43.    Batu Bajangan
Nelayan setempat menyebut ”bajangan” berupa warna air laut yang agak kemerahan.  Warna kemerahan ini ditimbulkan karena bayangan semu dari terumbu karang yang terlihat samar sebagai akibat dari kondisi air yang relatif dangkal.  Kondisi yang demikian terlihat pada saat pertama kali ditemukannya karang ini hingga karang tersebut dinamakan Karang Bajangan.

44.    Batu Penggadungan
Karang Penggadungan berasal dari kata ”gedung” yang diberi imbuhan  pe – an sehingga menjadi ”penggedungan”.  Oleh karena di desa setempat banyak dihuni oleh orang Banjar, maka akhirnya disebut ”Penggadungan”. Karang Penggadungan ini diberi nama sesuai dengan bentuknya, berdasarkan hasil wawancara karang ini memiliki keindahan bagi siapa saja yang melihatnya, sehingga jika dilihat sepintas menyerupai sebuah gedung yang besar, sehingga dengan demikian karang ini dinamai Karang Penggadungan oleh masyarakat setempat.  Perlu diketahui, karang ini pula merupakan salah satu tempat fishing ground nelayan dalam menangkap lobster air laut (lobster mutiara dan bambu) khususnya nelayan yang ada di desa Angsana.

45.    Karang Ibu
Karang Ibu letaknya tidak terlalu jauh dari pesisir pantai (± 300 m), karang ini dinamai Karang Ibu sebab konon jaman dahulu, nelayan yang sering memancing disini terdiri dari ibu-ibu nelayan.  Berdasarkan informasi yang diperoleh dari masyarakat dan Tim Unit Selam Unlam, di Karang Ibu ini banyak dihuni oleh lobster air laut jenis bambu dn mutiara.  Penulis juga pernah menyelam di karang ini untuk memasang alat pengumpul benih-benih lobster  (sarang lobster) yang bahannya berasal dari bahan baku semen, pasir, kawat betoniser dan jaring.  Diharapkan dengan adanya alat ini indukan atau benih-benih lobster akan banyak terkumpul dan akan bertambah populasinya.

46.    Batu Teraban Kecil
Karang Teraban Kecil ini berdekatan dengan Anak Karang Kima dan Batu Penyaungan, dengan jarak antara ± 400 – 500 m.  Asal usul nama Teraban Kecil ini adalah karena letak karang ini dekat dengan Tanjung Teraban dan gugusan karangnya lebih kecil jika dibandingkan dengan karang lain yang ada di Tanjung Teraban (Karang Teraban Besar), namun karang yang satu ini belum disurvey dan diambil titik koordinatnya.

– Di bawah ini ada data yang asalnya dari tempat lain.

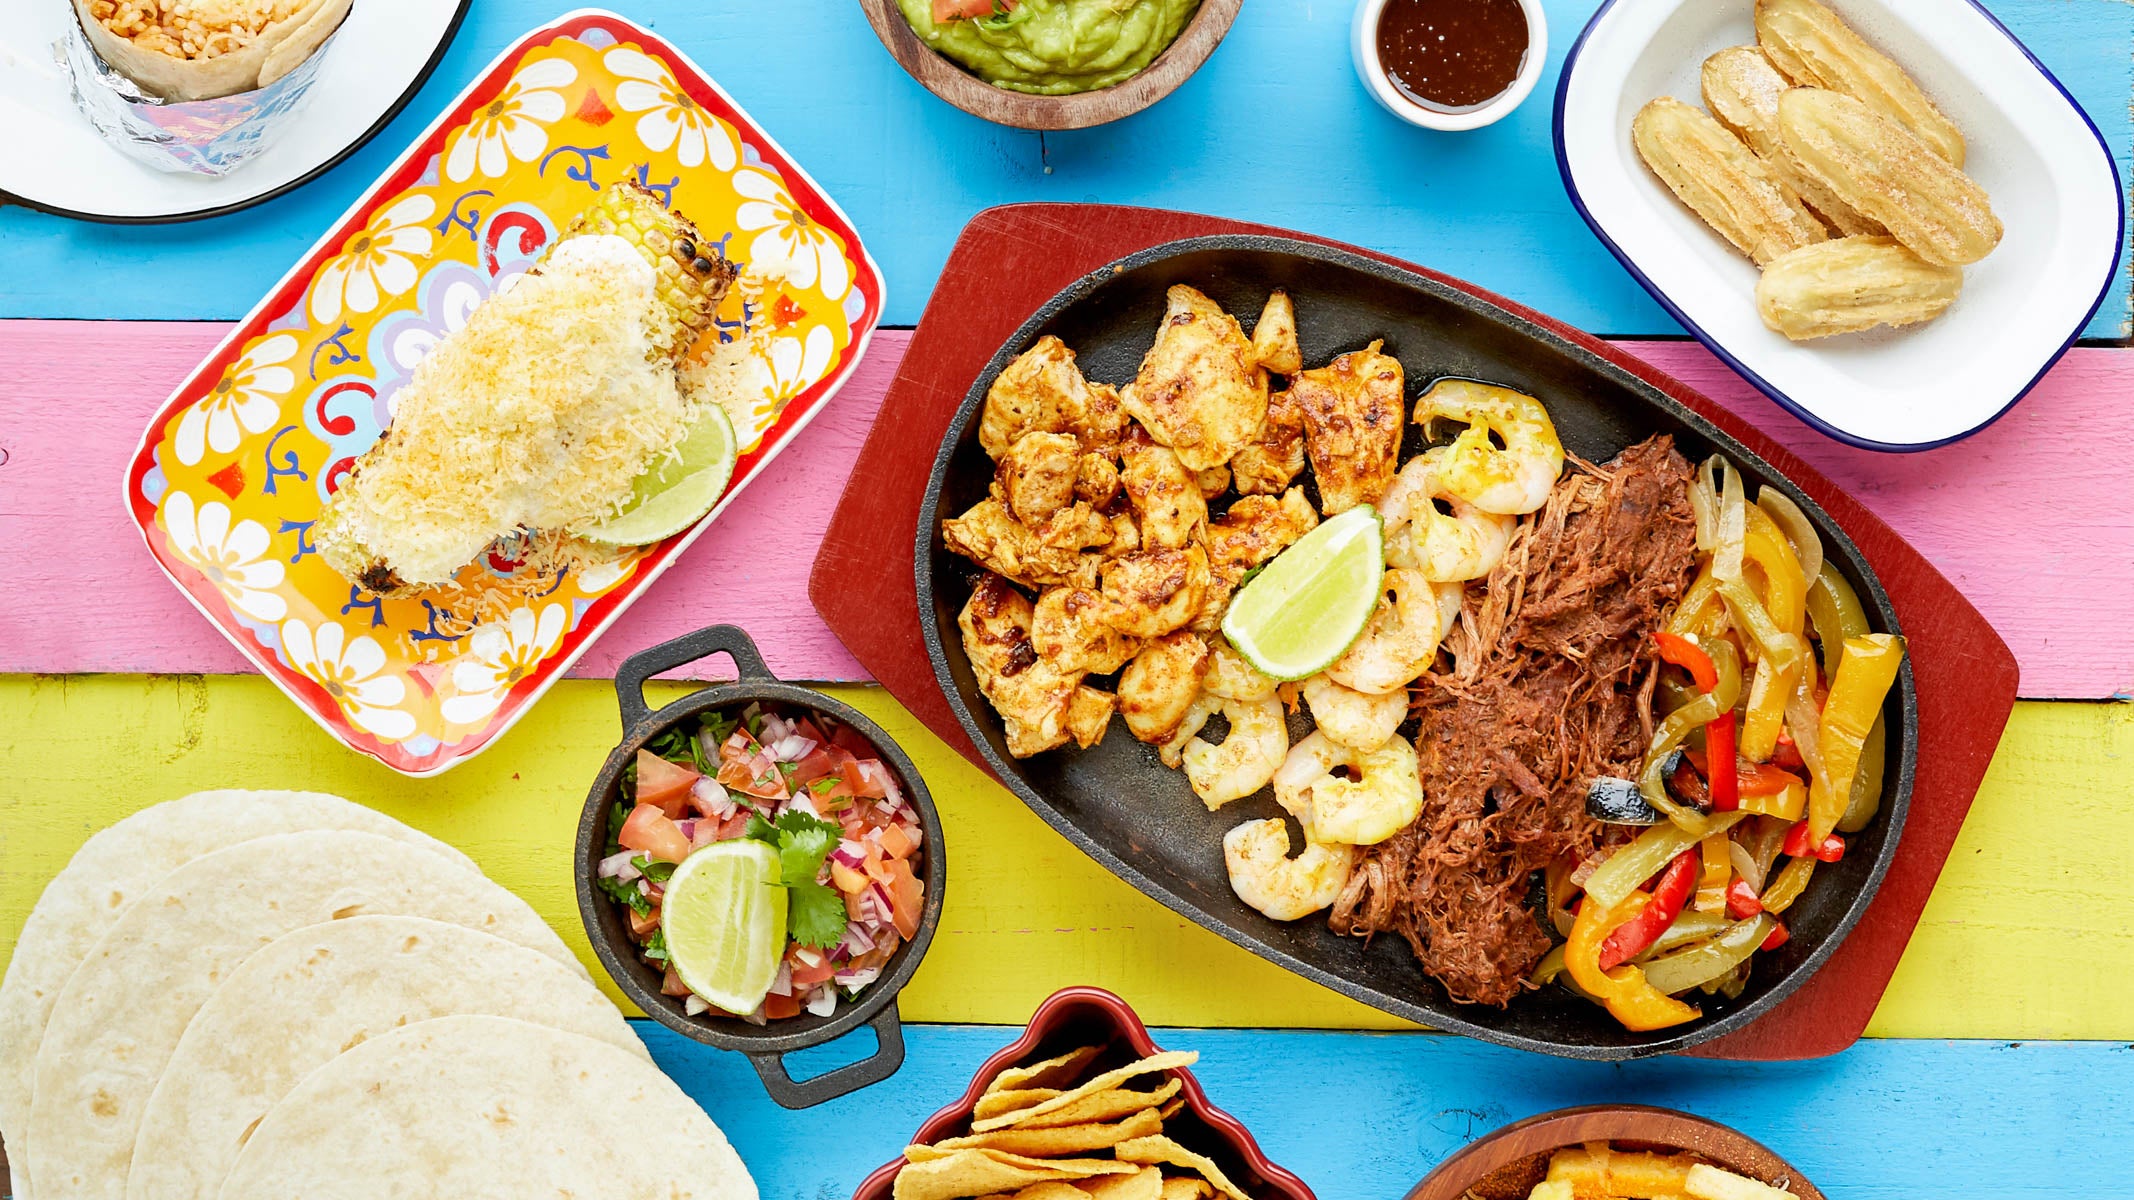 Restaurant Arriba Arriba - Chiswick in South Acton - Delivery - Restaurant near me

47.    Karang Sampaian Ampat
Karang Sampai Ampat mempunyai asal usul yang cukup unik, dimana didalam penamaan karang ini menggunakan 2 kata yang berasal dari bahasa Banjar, yaitu ”sampaian” dan ”ampat”.  Kata ”sampaian” artinya kayu penyangga tiang pada rumah, dimana setiap rumah pasti mempunyai penyangga tiang ini.  Kayu penyangga ini ditopang oleh masing-masing tiang rumah sehingga membentuk siku-siku (90̊).  Sedangkan kata ”ampat” artinya empat, maksudnya jumlah sampaian yang ada pada rumah tersebut sebanyak 4 buah, sebab ditopang oleh tiang sebanyak 4 buah pula.
Adapun hubungan antara rumah tersebut dengan penamaan terumbu karang adalah karena terumbu karang yang ditemukan bertepatan tegak lurus dengan sebuah rumah yang sudah tua.  Karena kondisi rumah tersebut sudah rusak, maka dari jauh yang terlihat hanyalah tiang-tiang dan kayu penyangganya (sampaian).  Sampaian rumah tersebut kemudian dijadikan patokan untuk menemukan letak terumbu karang dengan cara menembak garis lurus ke arah laut.  Dengan demikian, sampai saat ini karang tersebut dinamakan Karang Sampai Ampat.

48.    Batu Penyaungan
Penyaungan” merupakan salah satu kata yang berasal dari bahasa Banjar yang berarti ”mengadu”.  Asal kata penyaungan ini adalah ”saung”, yang diberi imbuhan pe-an.   Karang ini memiliki asal usul yang sangat menggelikan, bagaimana tidak, karang ini diilhami oleh nelayan setempat dengan seekor binatang piaraan yaitu ayam. 
Pada jaman dahulu, di lokasi sebelah timur muara Angsana sering dijadikan masyarakat tertentu untuk menyabung ayam (menyaung ayam).  Sehubungan dengan hal itu, tiba-tiba karang ini ditemukan oleh salah seorang nelayan setempat.  Setelah diamati, ternyata letak karang tersebut sangat persis berhadapan dengan lokasi penyaungan ayam tersebut.  Sejak saat itulah karang yang baru ditemukan ini diberi nama Batu Penyaungan.

49.    Batu Muara
Karang Muara ini merupakan gugusan karang yang paling dekat dengan  muara sungai desa Angsana kecamatan Angsana.  Kondisi air di karang ini terlalu keruh dibandingkan dengan karang-karang lainnya yang ada di desa Angsana.  Diperkirakan karang ini banyak tertutup sedimentasi atau endapan yang berasal dari daratan yang mengalir melalui muara sungai.  Karena letaknya demikian maka karang ini dinamakan Karang Muara oleh penduduk setempat.  Karang ini sangat jarang terlihat kecuali cuaca memang benar-benar teduh.

50.    Batu Pelampung
Sejarah karang ini berawal sesuai dengan namanya, dimana pada saat ditemukannya karang ini nelayan yang menemukannya langsung memberi tanda dengan ”pelampung”, yang terbuat dari kayu markuung (sejenis kayu yang ringan dan mudah timbul) pada alat tangkap sair (seser) untuk menangkap udang papay.    Pelampung ini diikat dengan seutas tali pada ujung sair, berguna untuk memudahkan nelayan dalam menangkap udang papay. Jadi, kalau mau ke karang lagi, cukup menyebutnya dengan Batu Pelampung (batu yang ditandai dengan pelampung).  Hingga saat ini karang tersebut masih disebut sebagai Batu Pelampung oleh nelayan setempat.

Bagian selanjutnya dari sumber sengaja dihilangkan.